Одновременно со столь пышными похвалами деятельность Ростопчина вызвала в современниках самое негодующее осуждение. После своей отставки Ростопчин не был в силах оставаться в Москве: так явственно чувствовал он тяжесть скопившейся по отношению к его личности общественной злобы. Конечно, немалую роль в этой злобе играли мотивы личной корысти. Вернувшись после ухода французов на старые пепелища, москвичи принялись подсчитывать только что понесенные материальные потери. Итоги этого подсчета, естественно, вызывали в них горькие сетования на судьбу, а человек так уж устроен, что ему всегда служит некоторым утешением возможность выражать свои сетования на судьбу в форме личных обвинений против определенного виновника своих несчастий. Этой особенности человеческой психологии Ростопчин, несомненно, был обязан многими нападками на него со стороны перенесших французский погром москвичей в таких случаях, в которых всего справедливее было бы винить общий ход событий. Недаром Ростопчин в 1815 г. записал в своем путевом дневнике, между прочим, такие строки: «Соловья я никогда не любил; мне кажется, что я слышу московскую барыню, которая стонет, плачет и просит, чтоб ей возвратили ее вещи, пропавшие во время разгрома Москвы в 1812 году. Филомелы[170]
мифологии воспевали свои страдания, свою тоску и любовь. Филомелы Москвы стонут, чтобы излить свою желчь и свою хандру»[171].Но существовал и другой источник суровых осуждений деятельности Ростопчина. Против него вопили не только те, кто в эпоху великих национальных событий не мог забыть о собственных разбитых горшках; его судили и на него негодовали также и с точки зрения широкого политического понимания и возмущенного нравственного чувства. Характернейший образчик такого отношения к Ростопчину находим в письмах М. А. Волковой[172]
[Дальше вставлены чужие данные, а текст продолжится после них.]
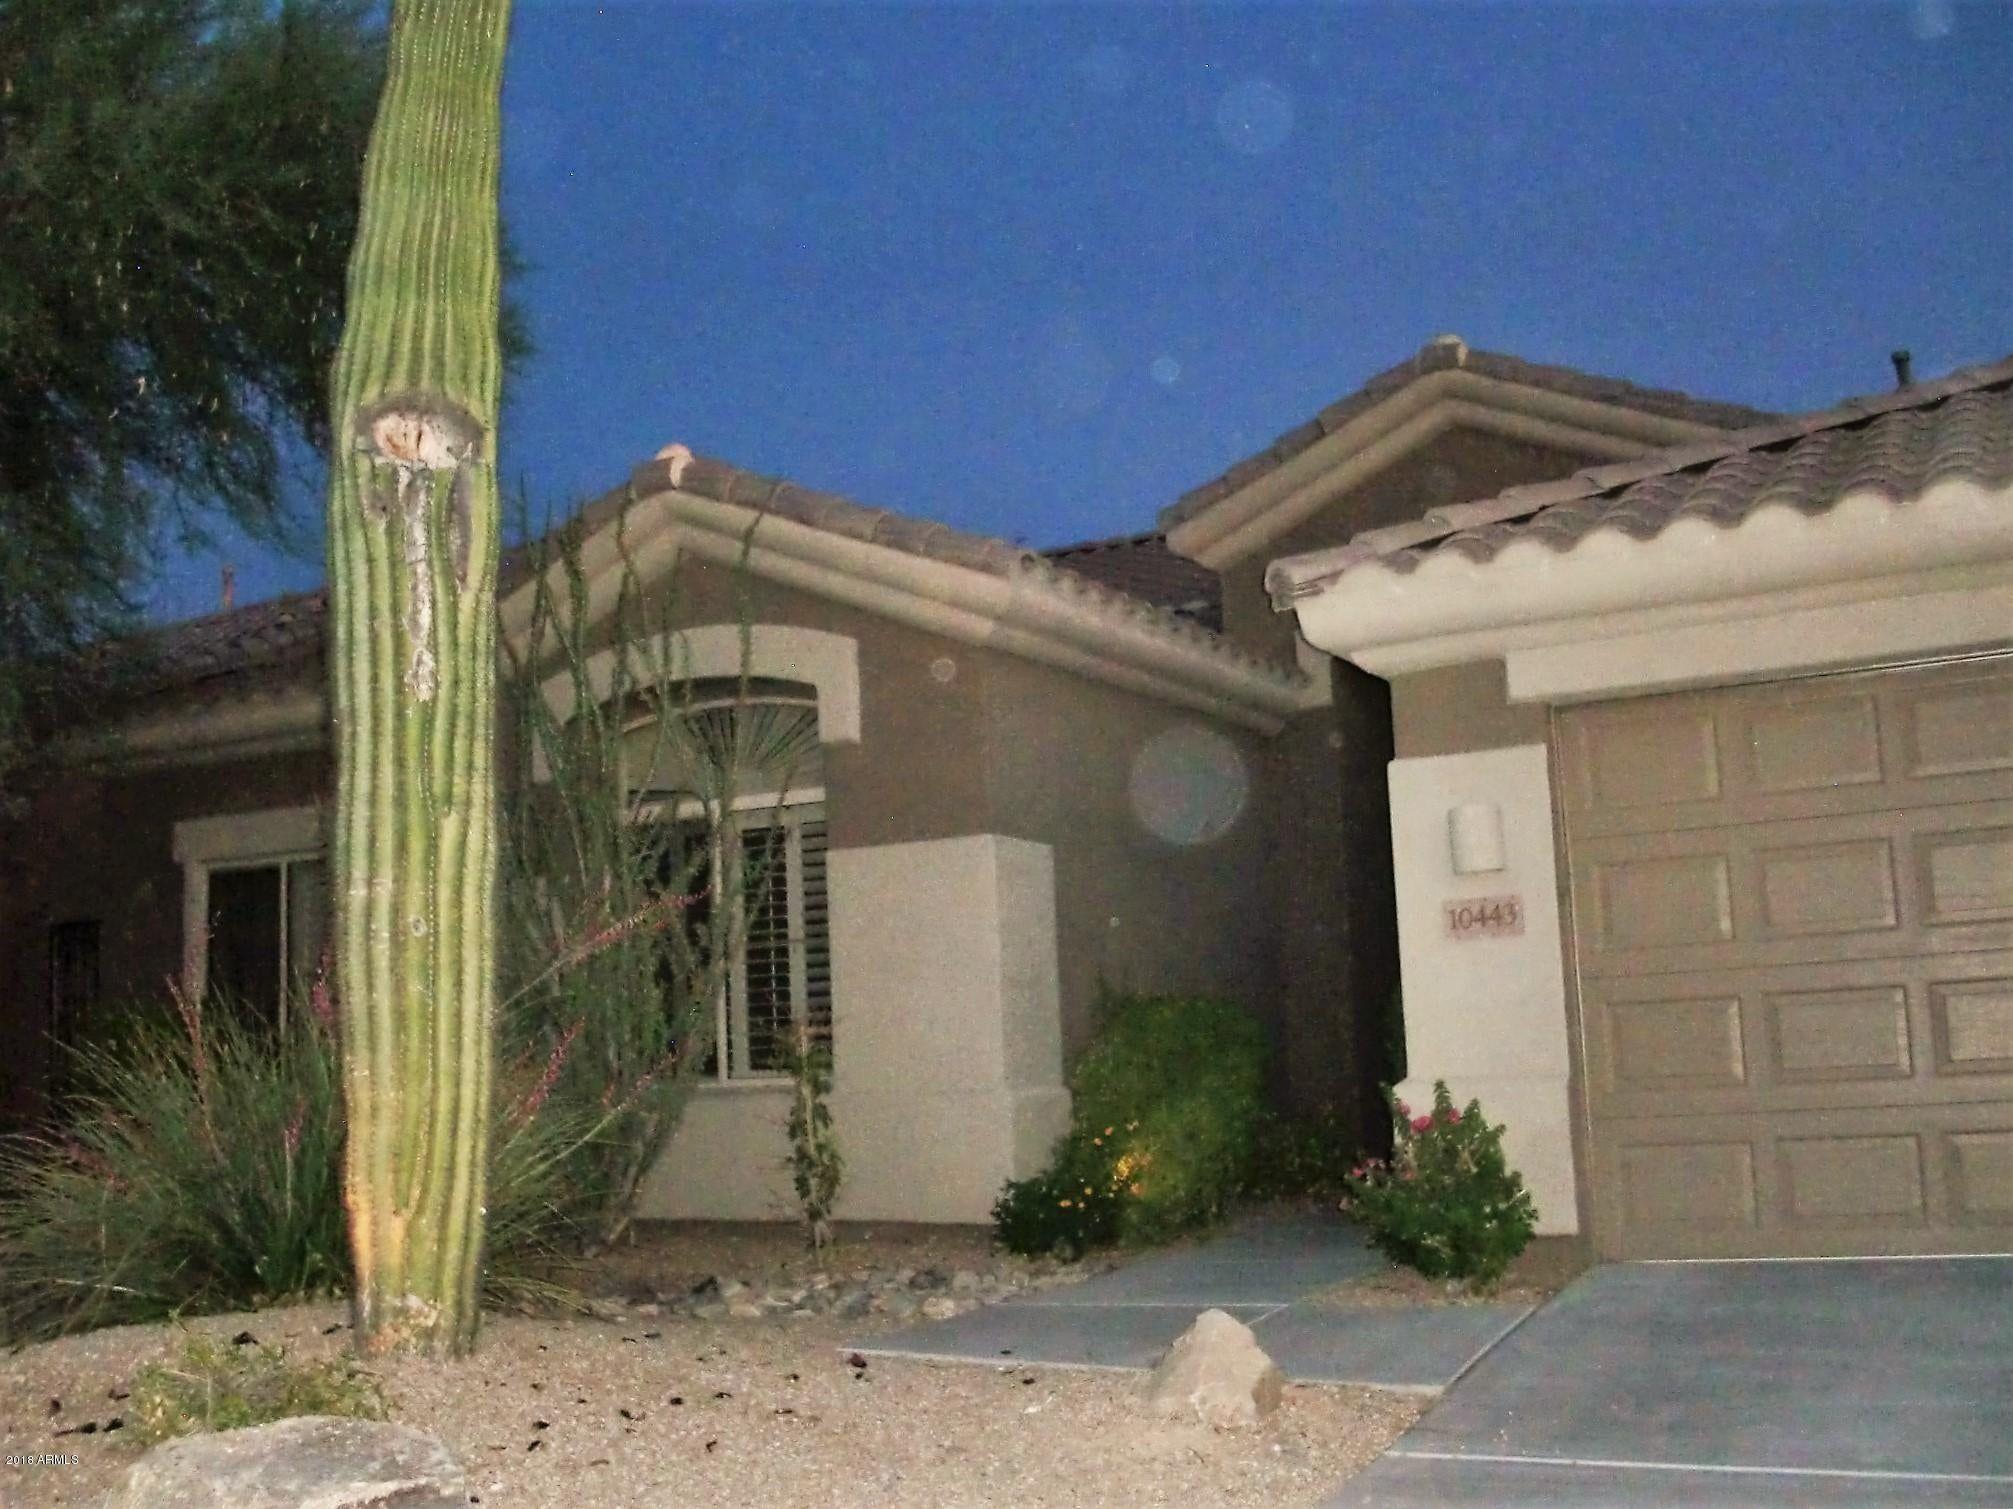 10443  E SHEENA   Drive Scottsdale AZ 85255

, которая близко знала Ростопчина и его семейство, и в период московского генерал-губернаторствования Ростопчина всегда была готова отдать ему полную справедливость, как предприимчивому и распорядительному градоправителю. Были моменты, когда Волкова в своих письмах брала Ростопчина под защиту от сыпавшихся на него упреков, и эта же самая женщина писала в декабре 1812 г. после того, как ей пришлось ознакомиться с деятельностью Ростопчина во всех подробностях: «Я решительно отказываюсь от моих похвал Ростопчину», — и далее: «Я теперь ненавижу Ростопчина и имею на то причины[173]. В этом случае Волкова выражала чувства очень широких и разнообразных кругов русского общества.Итак, либо — второй князь Пожарский и благодетельный посланник небес, либо — чудовище, достойное ненависти и презрения. Таков язык отзывов о Ростопчине, исходящих от его современников; восторг и негодование, только не хладнокровная оценка, допускающая средние, примиряющие суждения. Те же две струи, одинаково отмеченные страстным возбуждением, хотя и противоположного характера, проходят через все писания о Ростопчине, составленные во времена, более или менее близкие к эпохе его жизни и деятельности. Кости Ростопчина давно уже покоились в могиле, а люди, о нем вспоминавшие, по-прежнему не могли писать о нем иначе, как в тоне обостренной полемики: за гробом, как и при жизни, Ростопчину было суждено непрерывно возжигать около своего имени запальчивую борьбу. Из панегириков и филиппик состоит почти вся посвященная ему литература. В качестве наиболее характерных образчиков того и другого можно указать, с одной стороны, на биографию Ростопчина, написанную Сегюром[174]
, родственником Ростопчина[175], с другой стороны — на мемуары актера Домерга[176], лично пострадавшего от действий Ростопчина в 1812 г.[177] В изображении Сегюра Ростопчин — рыцарь без страха и упрека, образец всех возвышенных нравственных доблестей и глубокой государственной мудрости. По изображению Домерга — нет того резкого эпитета, который не следовало бы применить к характеристике пороков и преступлений ненавистного графа.